## EXERCISE INPUT
_ _ _ _ _ _ _
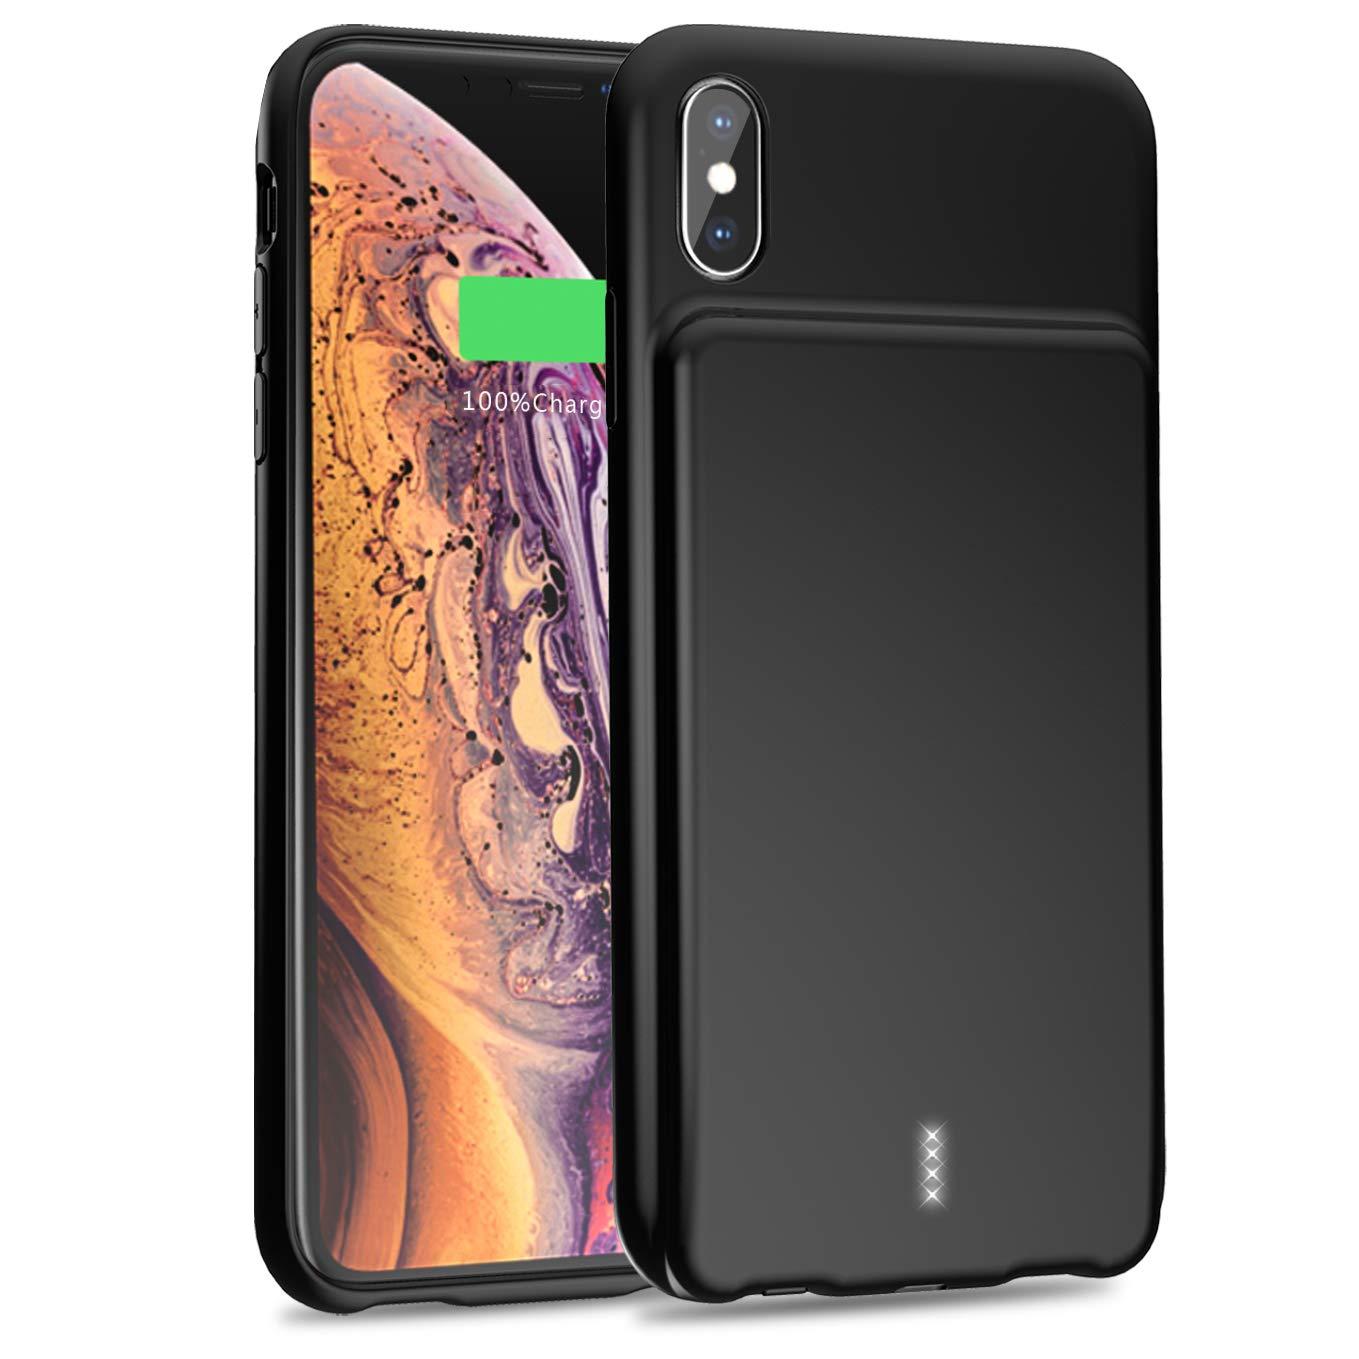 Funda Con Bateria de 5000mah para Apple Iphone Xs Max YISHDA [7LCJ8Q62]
_ _ _ _ _ _ _
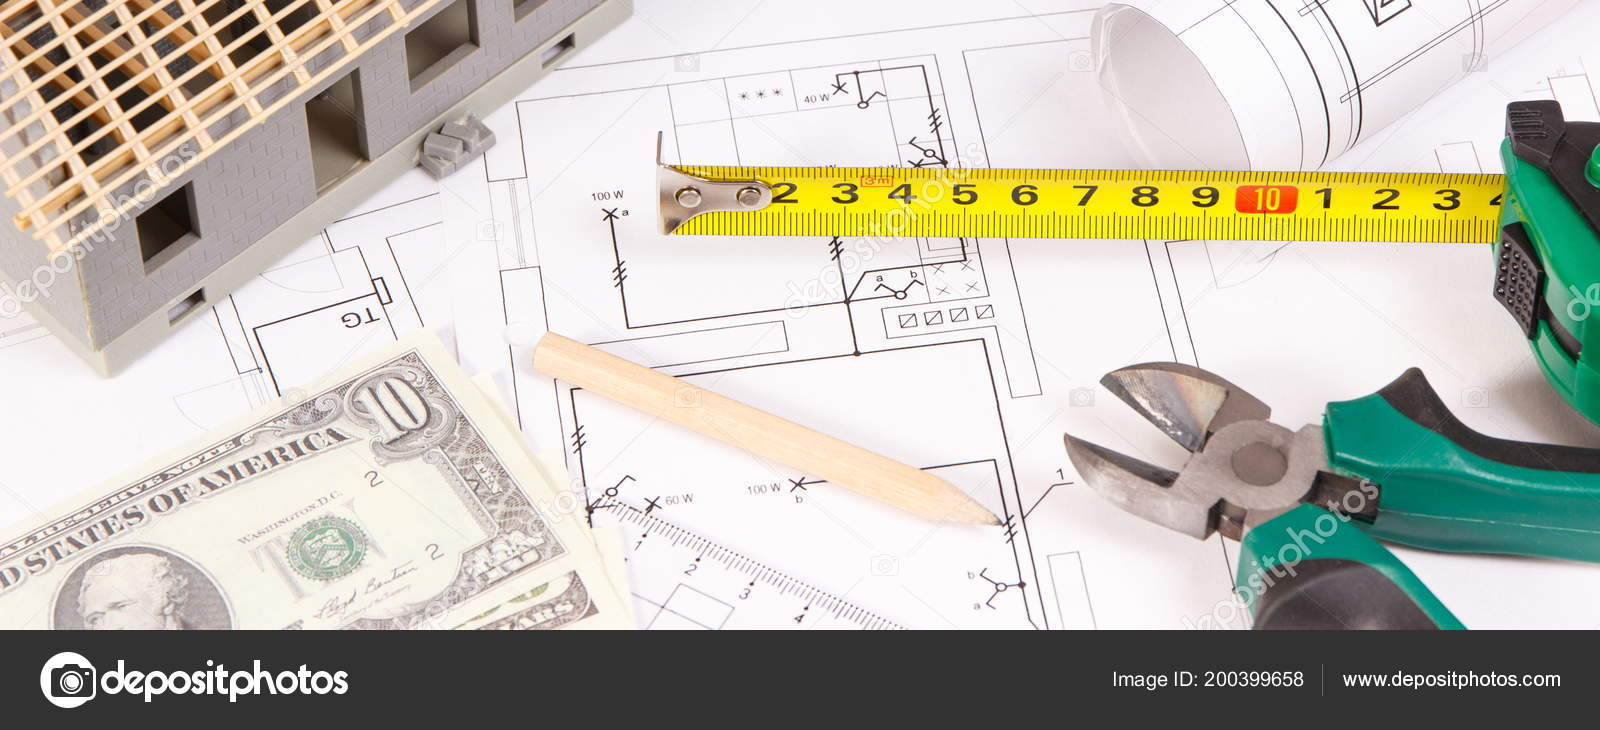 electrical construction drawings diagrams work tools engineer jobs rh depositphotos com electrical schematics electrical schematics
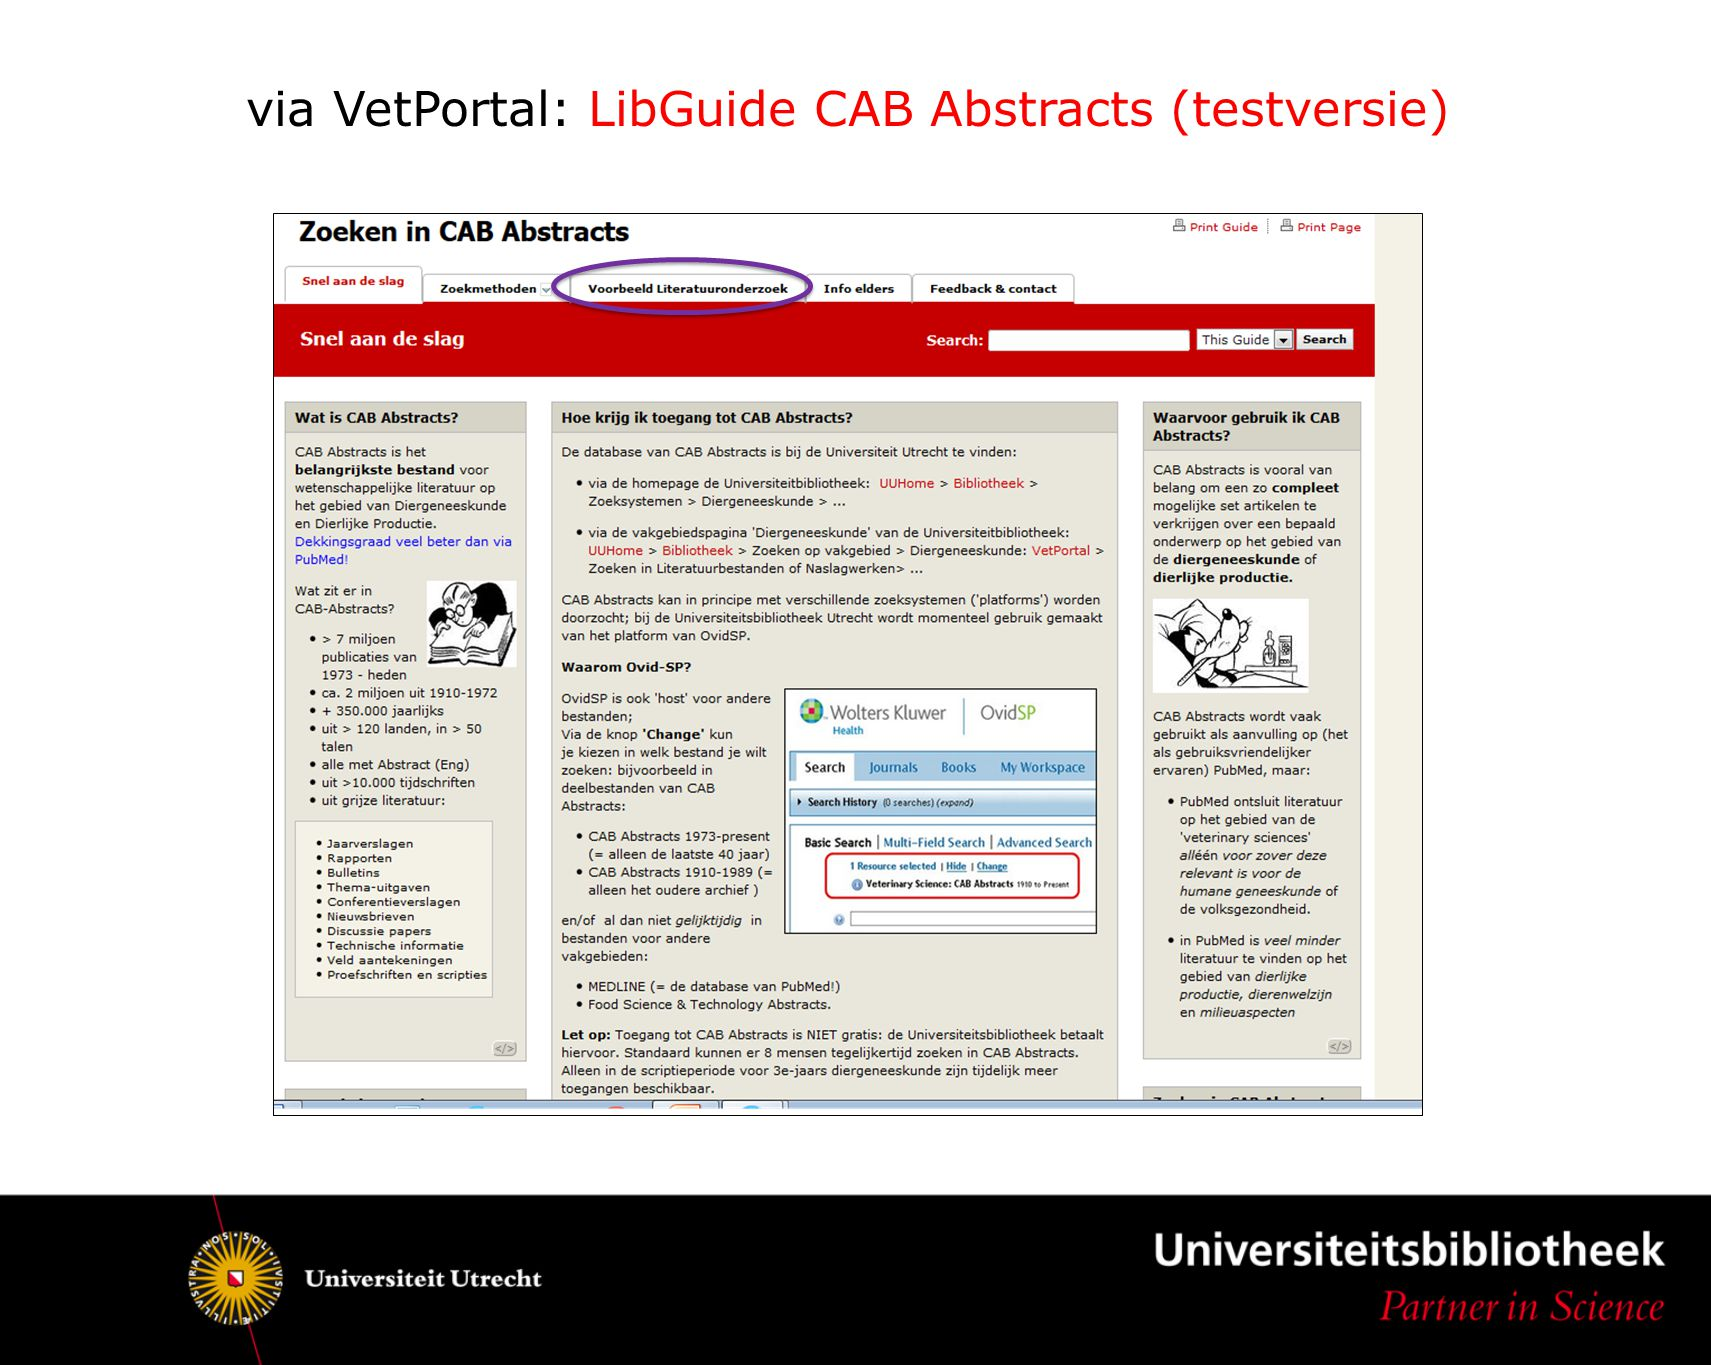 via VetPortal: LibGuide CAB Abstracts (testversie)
_ _ _ _ _ _ _
Set the pictures aside and retype exactly the lines above from the line with "electrical construction drawings" to the line with "via VetPortal: LibGuide", both included, adding no others.

## SOLUTION TO THIS EXERCISE
 electrical construction drawings diagrams work tools engineer jobs rh depositphotos com electrical schematics electrical schematics
 via VetPortal: LibGuide CAB Abstracts (testversie)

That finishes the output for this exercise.